A function name consists of SRC_UTF_NAME, a string '_to_',
and DST_UTF_NAME. SRC_UTF_NAME and DST_UTF_NAME must be one
in the list of hyphen-removed and lowercased names following:

    unicode    (for Perl internal Unicode encoding; see perlunicode)
    utf16le    (for UTF-16LE)
    utf16be    (for UTF-16BE)
    utf32le    (for UTF-32LE)
    utf32be    (for UTF-32BE)
    utf8       (for UTF-8)
    utf8mod    (for UTF-8-Mod)
    utfcp1047  (for CP1047-oriented UTF-EBCDIC).

In all, 64 (i.e. 8 times 8) functions are available. Available function names
include C<utf16be_to_utf32le()> and C<utf8_to_unicode()>.
DST_UTF_NAME may be same as SRC_UTF_NAME like C<utf8_to_utf8()>.

Conversions where both SRC_UTF_NAME and DST_UTF_NAME begin at 'utf' are
defined well and stably. In contrast to these UTF, the Perl internal Unicode
encoding is influenced by the platform-dependent features (e.g. 32bit/64bit,
ASCII/EBCDIC).

B<Parameters>

If the first parameter is a reference, that is regarded as  the CALLBACK.
Any reference will not allowed as STRING. If CALLBACK is given,
the second parameter is STRING; otherwise the first is.
Currently, only code references are allowed as CALLBACK.

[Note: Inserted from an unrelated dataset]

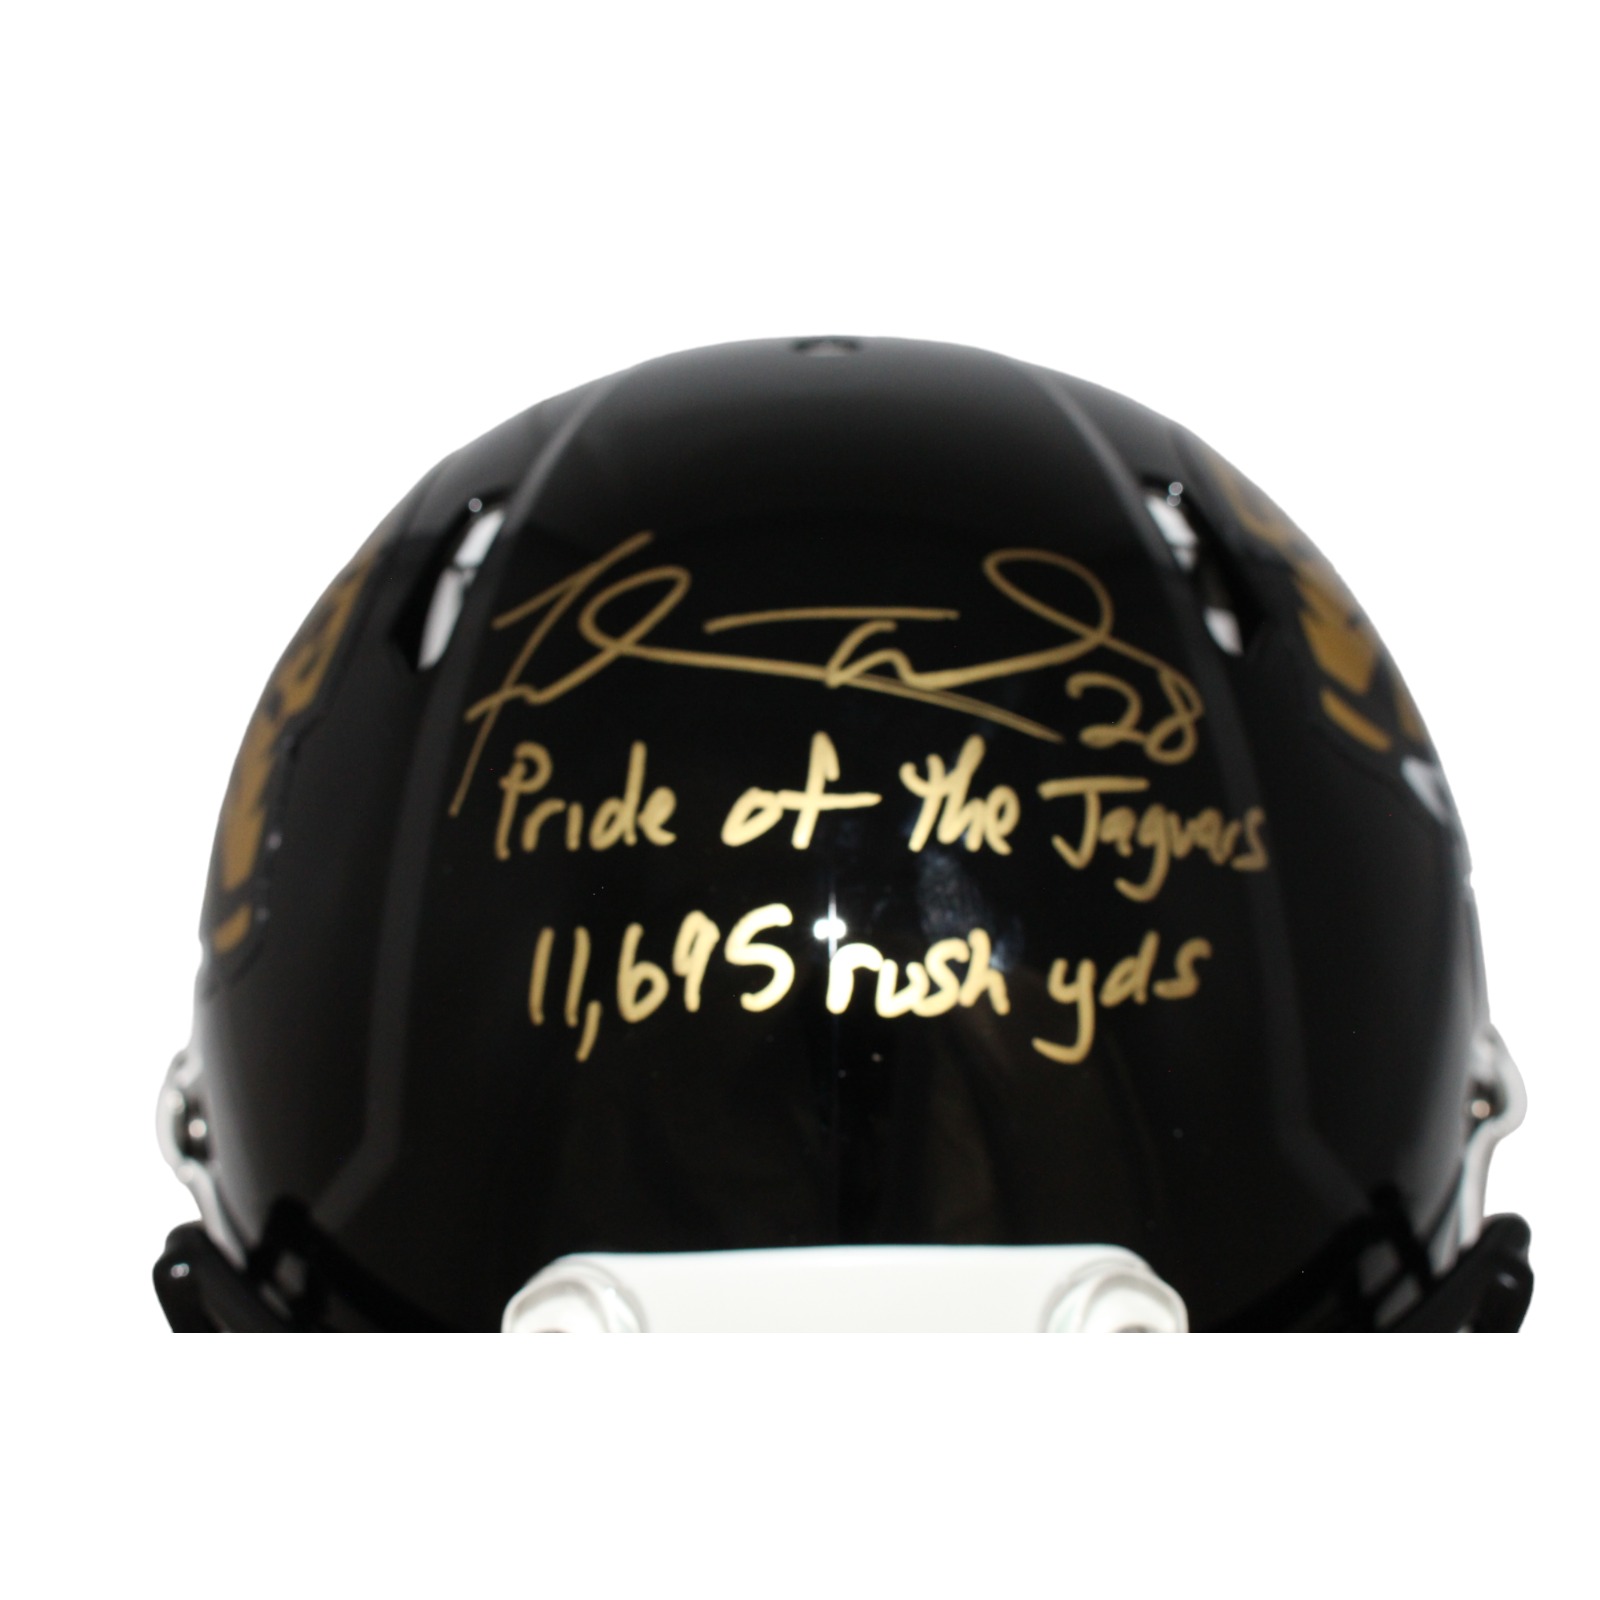 Fred Taylor Signed Jacksonville Jaguars TB Authentic Helmet Insc. Beckett

If CALLBACK is omitted, only Unicode scalar values (C<0x0000..0xD7FF>
and C<0xE000..0x10FFFF>) are allowed. Ill-formed octet sequences
(corresponding to a code point outside the range of Unicode scalar values)
and partial octets (which does not correspond to any code point) are deleted,
as if a code reference constantly returning an empty string,
C<sub {''}>, was used as CALLBACK.

Examples of partial octets: the first octet without following octets in UTF-8
like C<"\xC2">; the last octet in UTF-16BE,LE with odd number of octets.

If CALLBACK is specified, the appearance of an ill-formed octet sequences
or a partial octet calls the code reference. The first parameter for CALLBACK
is the unsigned integer value of its code point;
if the value is lesser than 256, that is a partial octet.

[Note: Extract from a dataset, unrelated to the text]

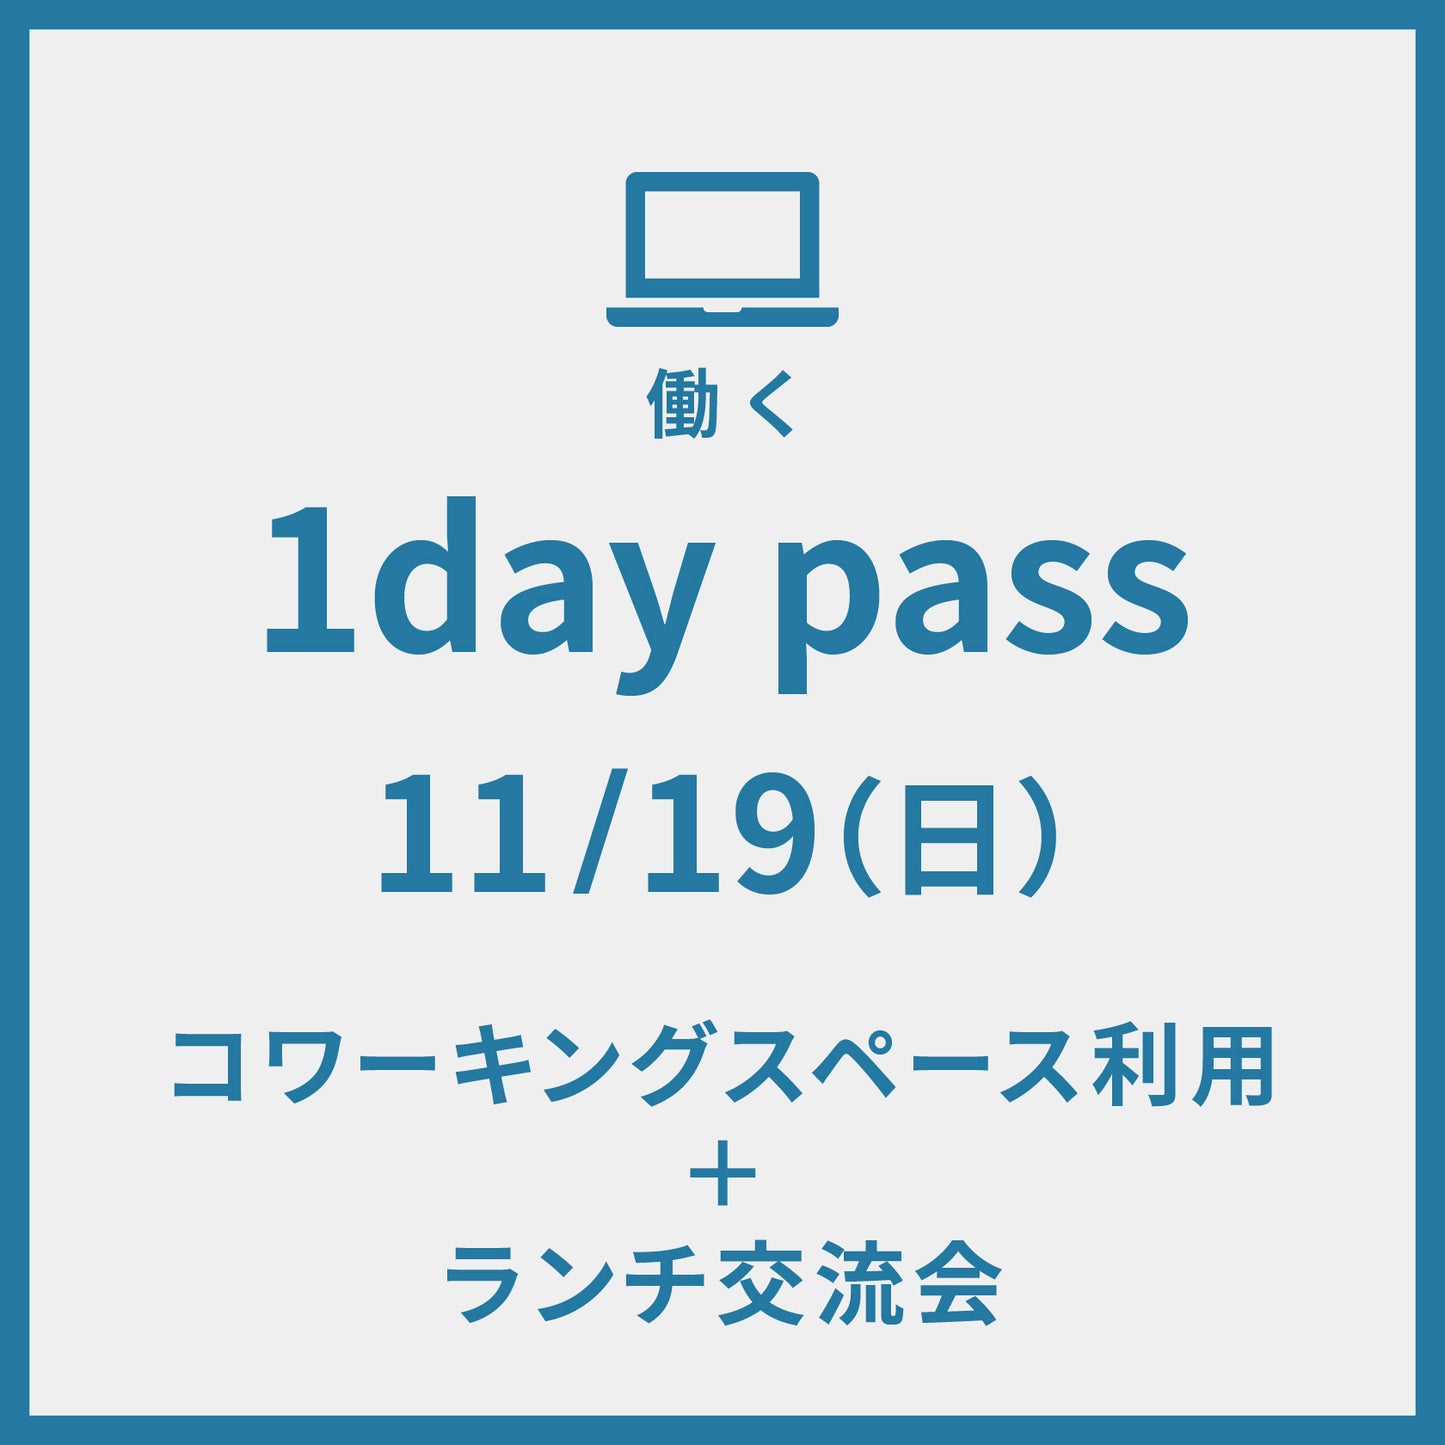 1day pass 11/19 コワーキングスペース利用＋ランチ交流会

The return value from CALLBACK will be inserted there.
You may use C<chr_E<lt>DST_UTF_NAMEE<gt>()> as CALLBACK (see below).
Return value from CALLBACK should be in UTF of DST_UTF_NAME.

You can call C<die> or C<croak> in CALLBACK when you want to stop
the operation if the whole STRING would not be well-formed.

=head2 Conversion from Code Point to String

(Exporting: C<use Unicode::Transform ':chr';>)

=over 4

=item chr_C<E<lt>DST_UTF_NAMEE<gt>(CODEPOINT)>

=back

Returns a string in DST_UTF_NAME corresponding to CODEPOINT.
CODEPOINT should be an unsigned integer. If CODEPOINT is outside
the range of Unicode scalar values, a corresponding ill-formed
octet sequence will be returned.

If CODEPOINT is greater than the maximum value, returns C<undef>.
The maximum value of CODEPOINT is:

    0x0010_FFFF for chr_utf16le() and chr_utf16be()
    0x7FFF_FFFF for chr_utf8(), chr_utf8mod(), chr_utfcp1047()
    0xFFFF_FFFF for chr_utf32le(), chr_utf32be()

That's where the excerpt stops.